[[ Source material, beginning ]]

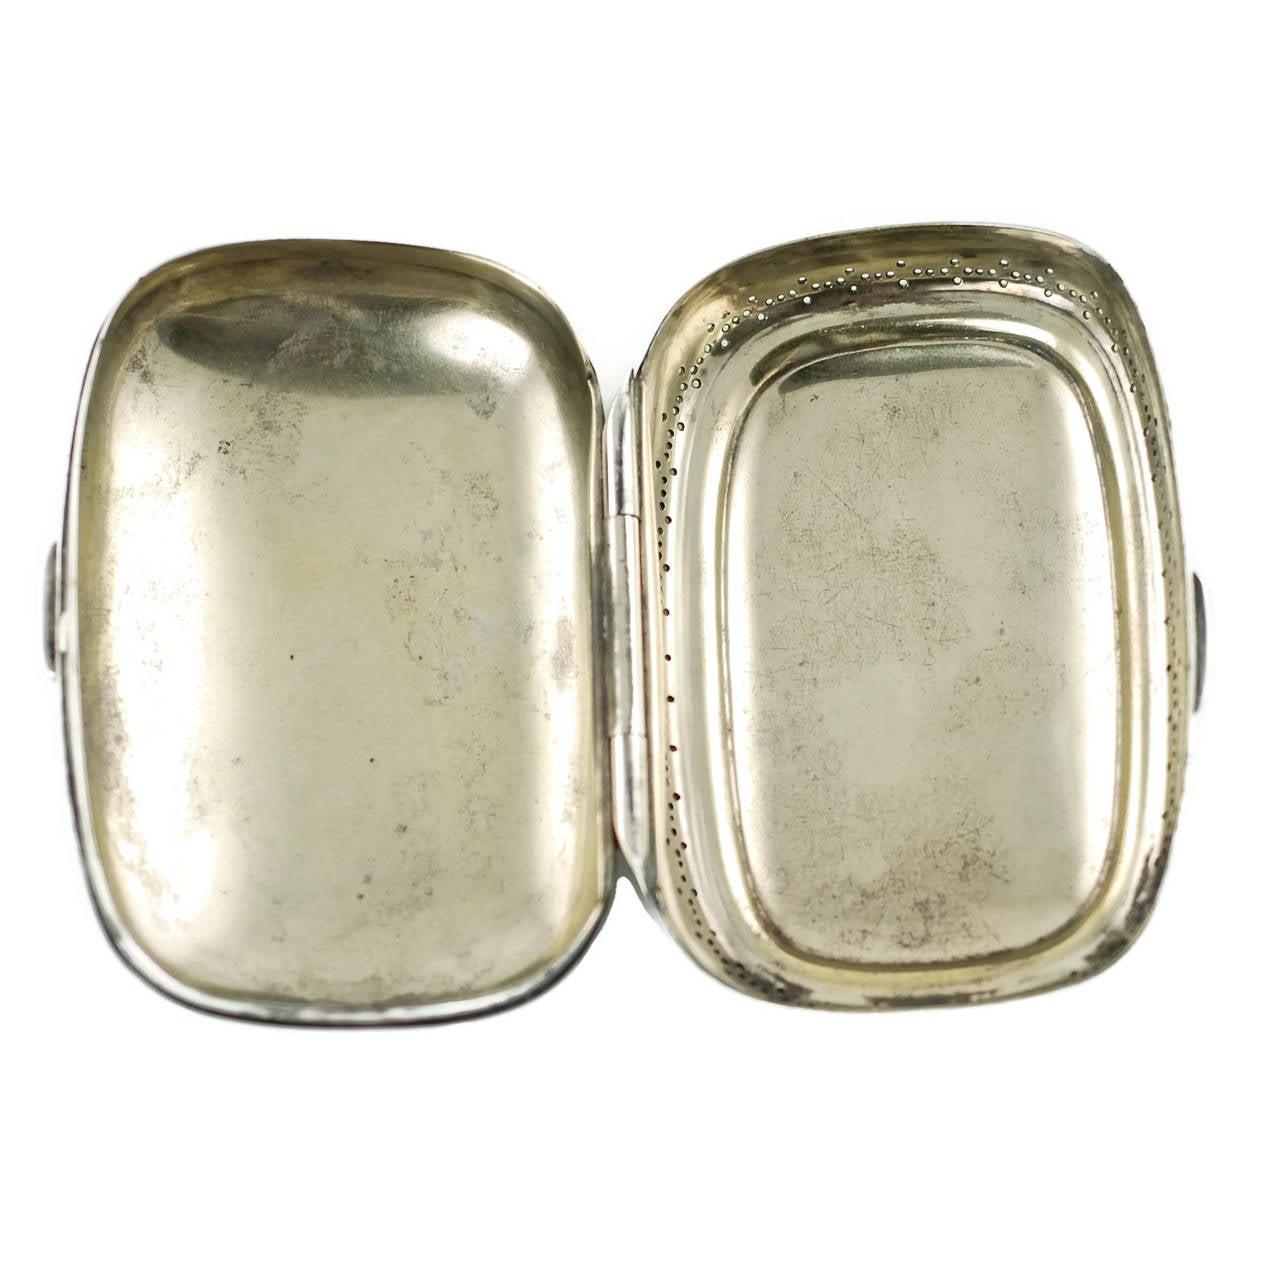 Edwardian Tiffany & Co. Sterling Silver 13-Piece Vanity Set For Sale 2
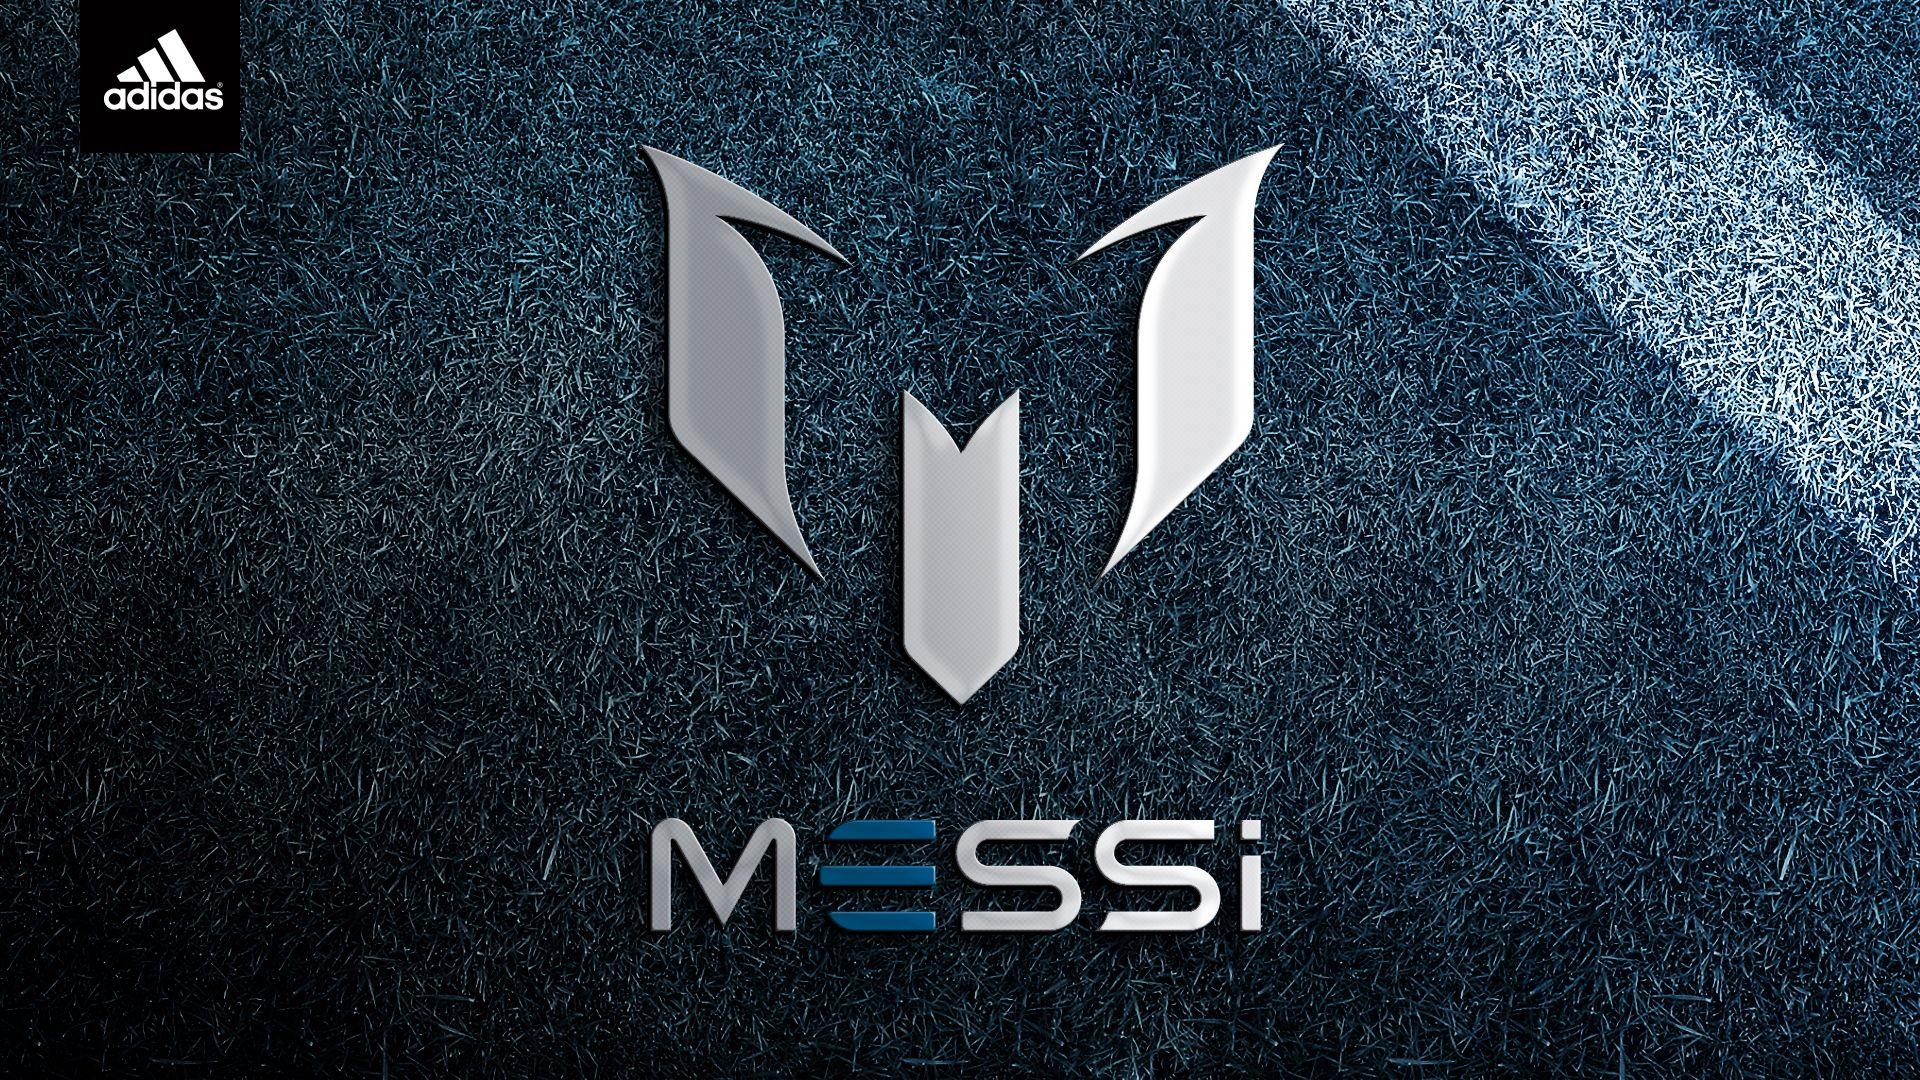 Argentina Wallpaper Hd Lionel Messi Messi Logo Messi
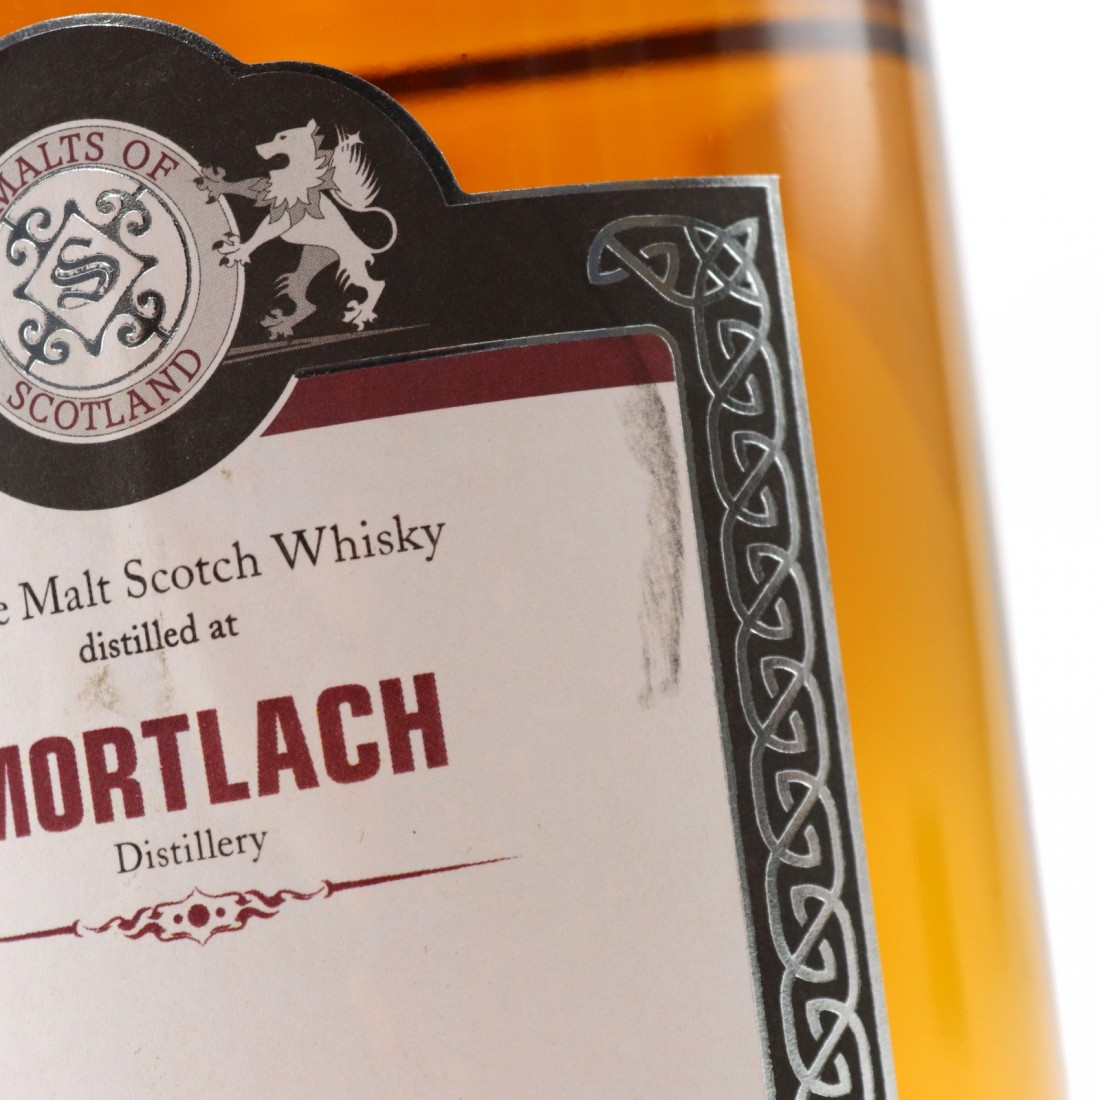 Mortlach 1997 Malts of Scotland

[[ Source material, end ]]

■ Work instruction
Restate the data word for word while omitting each picture.

■ Task result
 Edwardian Tiffany & Co. Sterling Silver 13-Piece Vanity Set For Sale 2
 Argentina Wallpaper Hd Lionel Messi Messi Logo Messi
 Mortlach 1997 Malts of Scotland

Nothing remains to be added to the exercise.